The idiomatic way is to implement the functionality in operator+= and then use that to implement operator+. Assume for starters than your operator+= is correctly implemented, then operator+ is trivially implementable as a free function:

MyString operator+( MyString lhs, MyString const & rhs ) {
   lhs += rhs;
   return lhs;
}

Note: The first argument is passed by value, so that it is a copy of the original that we can modify through operator+=. There are some other tips you might find useful here.

Now back to implementing operator+=, the first thing that you should understand is what the operations that you need to perform are: you need to allocate a longer buffer, copy from the old buffer, append the rhs string, swap the old buffer and the new (which contains the result) and free the old buffer. The order of the operations is important, if you release the old contents before copying (as you are doing) then you can no longer copy from that.

// Rough approach
MyString& operator+=( MyString const & rhs ) {
   char * new_buffer = new char[ Size + rhs.size + 1];       // [1]
   std::copy_n( String, Size, new_buffer );
   std::copy_n( rhs.String, rhs.Size + 1, new_buffer+Size ); // [2]
   swap(String, new_buffer);                                 // [3]
   Size = Size + rhs.Size;
   delete [] new_buffer;
   return *this;
}

[1]: Allocate the new buffer and copy to it. Note that in this particular case the code is correct because none of the rest of the instructions in the function can throw an exception. If that was not the case, the new buffer should be managed through RAII to ensure at least the minimal exception safety.

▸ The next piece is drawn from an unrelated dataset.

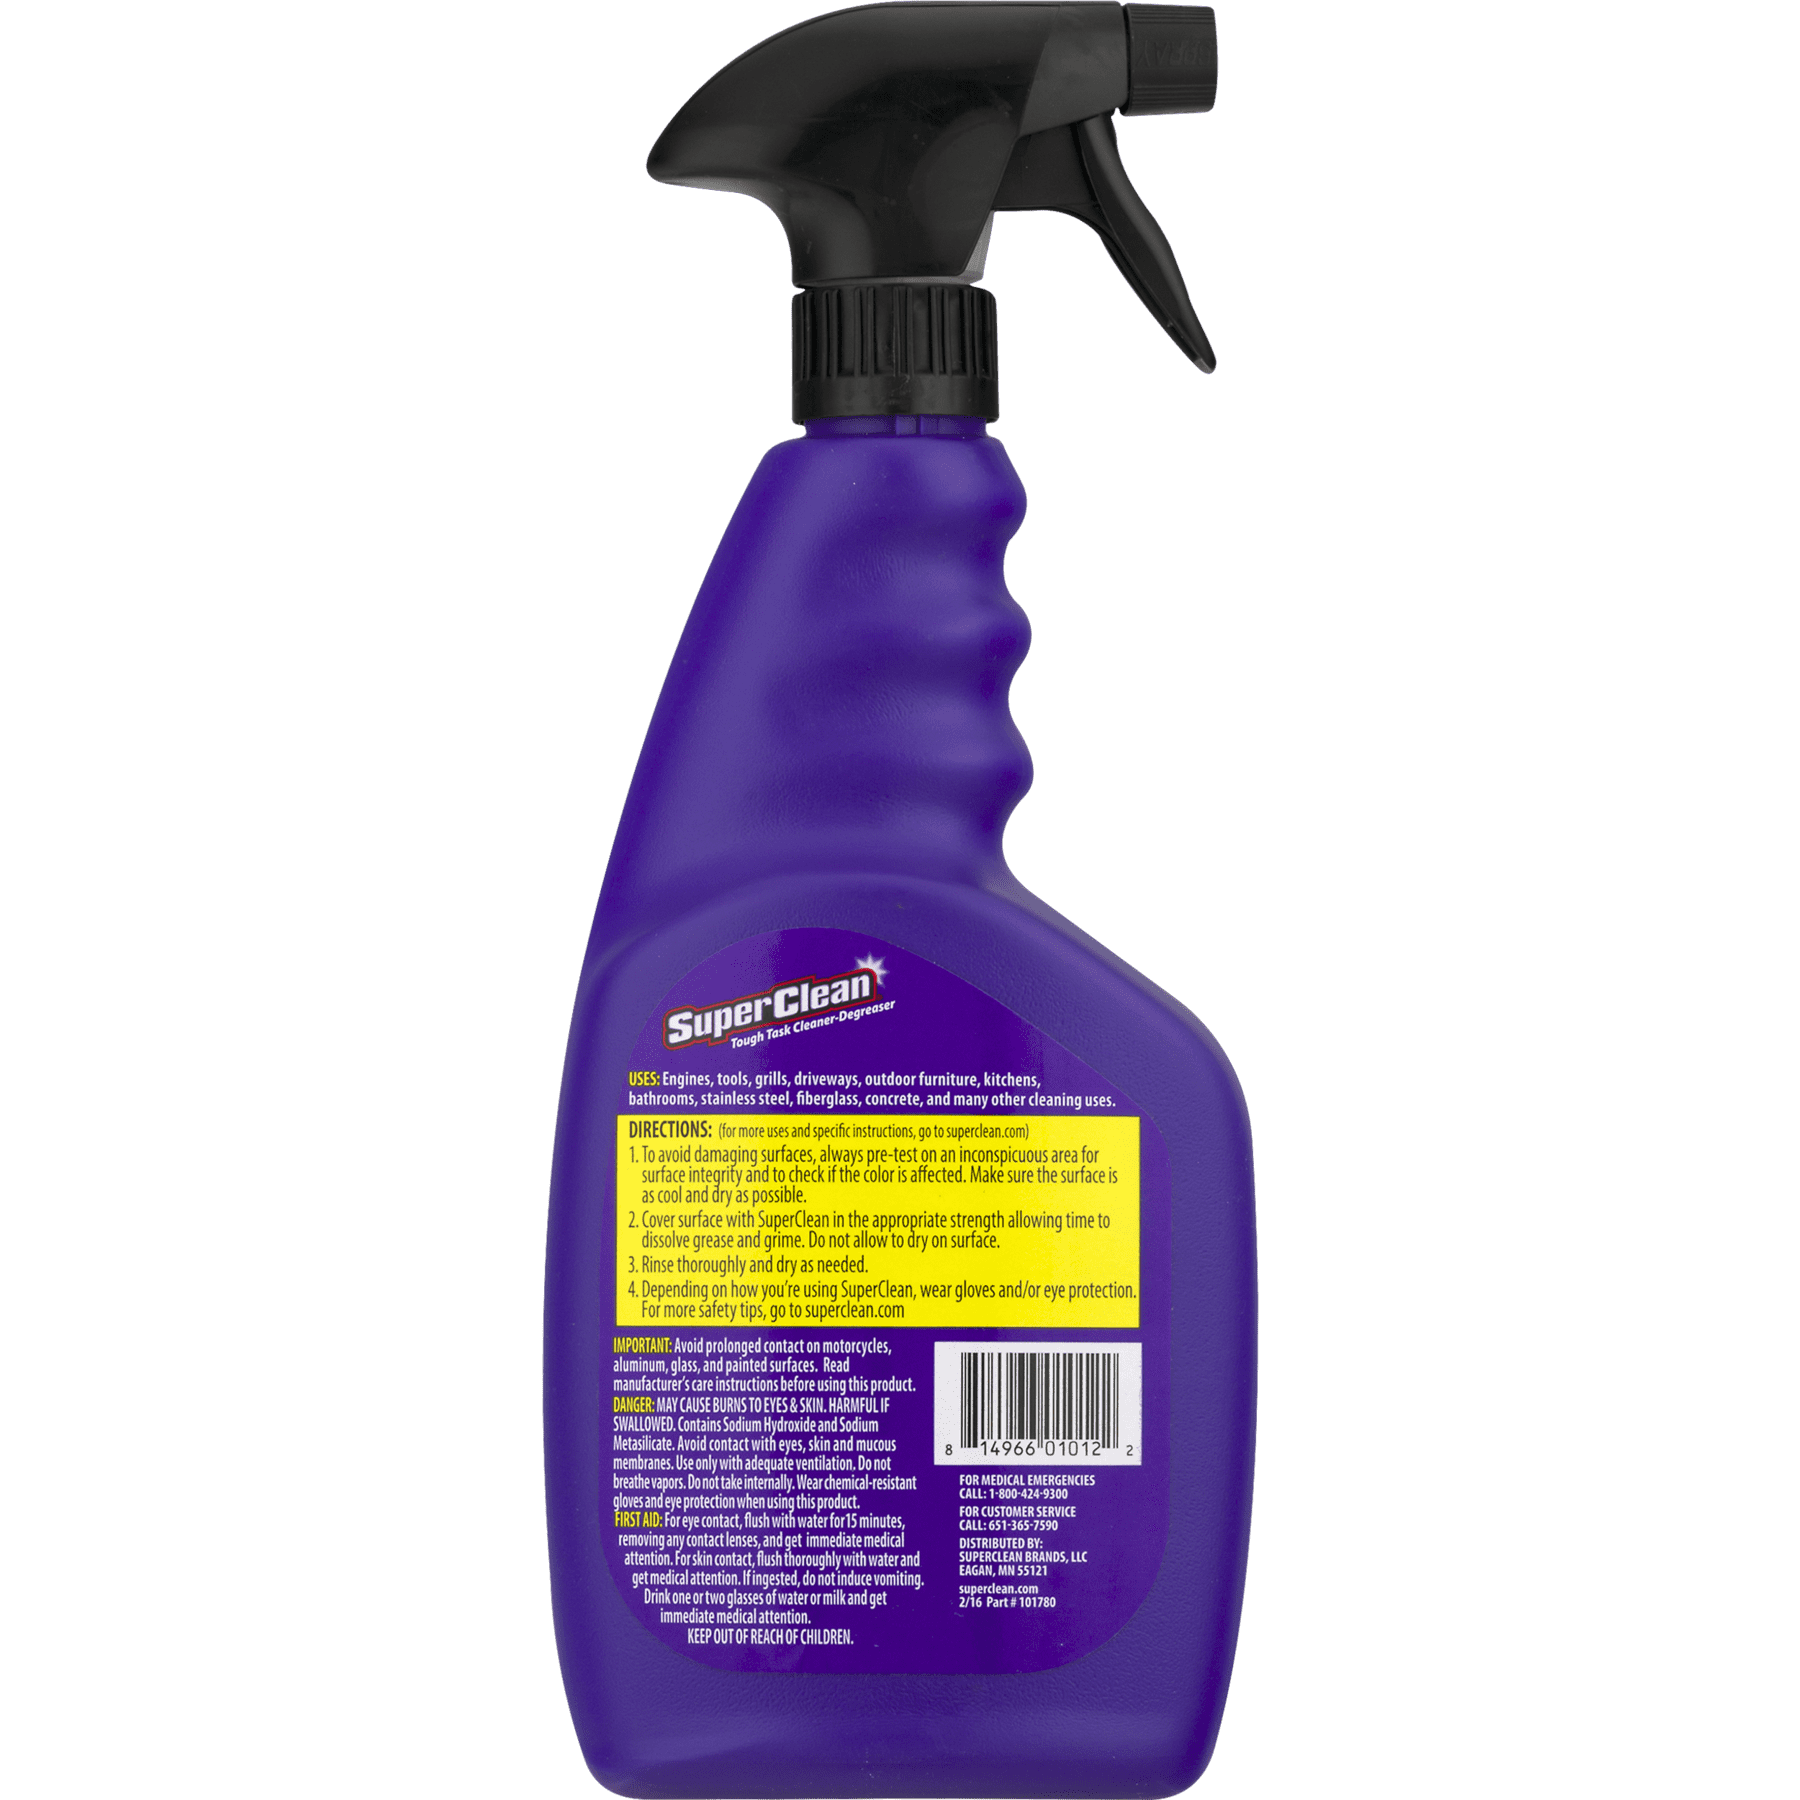 SuperClean Multi-Surface All Purpose Cleaner Degreaser Spray,  Biodegradable, Full Concentrate, Scent Free, 32 Ounce, Pack of 2

[2]: Assumes that as an invariant of the type MyString there is always a null terminator. The Size+1 in the count argument will copy all elements and the null terminator.

[3]: At this point all the operations have been performed, we can exchange the old and new buffers, update the size and release new_buffer (that actually refers to the old buffer)

First, usually you return a new object from operator+, because the expectation is that calling + on an object does not change the object itself.

MyString MyString::operator+ (const MyString& rhs)  
{  
  // ...

  return MyString(...);  

} 

Note the missing reference (&) from the return type: you are returning the new object by-copy, not by-reference.

Second, if you delete the String at the beginning, you will not be able to copy its contents. Consider this for operator+:

char* tmp = new char[Size + rhs.Size + 1]; // +1 for the terminating '\0'      
for(int i = 0; i < Size ; i++)      
{
  // copy the contents of current object buffer, char-by-char
  tmp[i] = String[i]; 
}
for(int i = 0; i < rhs.Size+1; i++) // +1 to copy the terminating '\0' as well
{      
  // copy the contents of other object buffer, char-by-char
  tmp[i+Size] = rhs.String[i]; 
}
MyString result;
delete[] result.String;
result.String = tmp;
result.Size = Size+rhs.Size;      

return result;

operator+= is a bit more tricky, because you need to manipulate the current object's buffer:

char* tmp = new char[Size + rhs.Size + 1]; // +1 for the terminating '\0'      
for(int i = 0; i < Size ; i++)      
{      
  tmp[i] = String[i]; 
}
for(int i = 0; i < rhs.Size+1; i++) // +1 to copy the terminating '\0' as well
{      
  tmp[i+Size] = rhs.String[i]; 
}
delete[] String;
String = tmp;
Size += rhs.Size;      

return *this;

Update: I assume you also call delete[] in the class destructor -- which you should. It is also not hard to imagine, you will want to perform assingment from one MyString object to another. This will lead to cosider the rule of three: If you need any one of desgtructor, copy-constructor or assignment operator, you most likely need all three.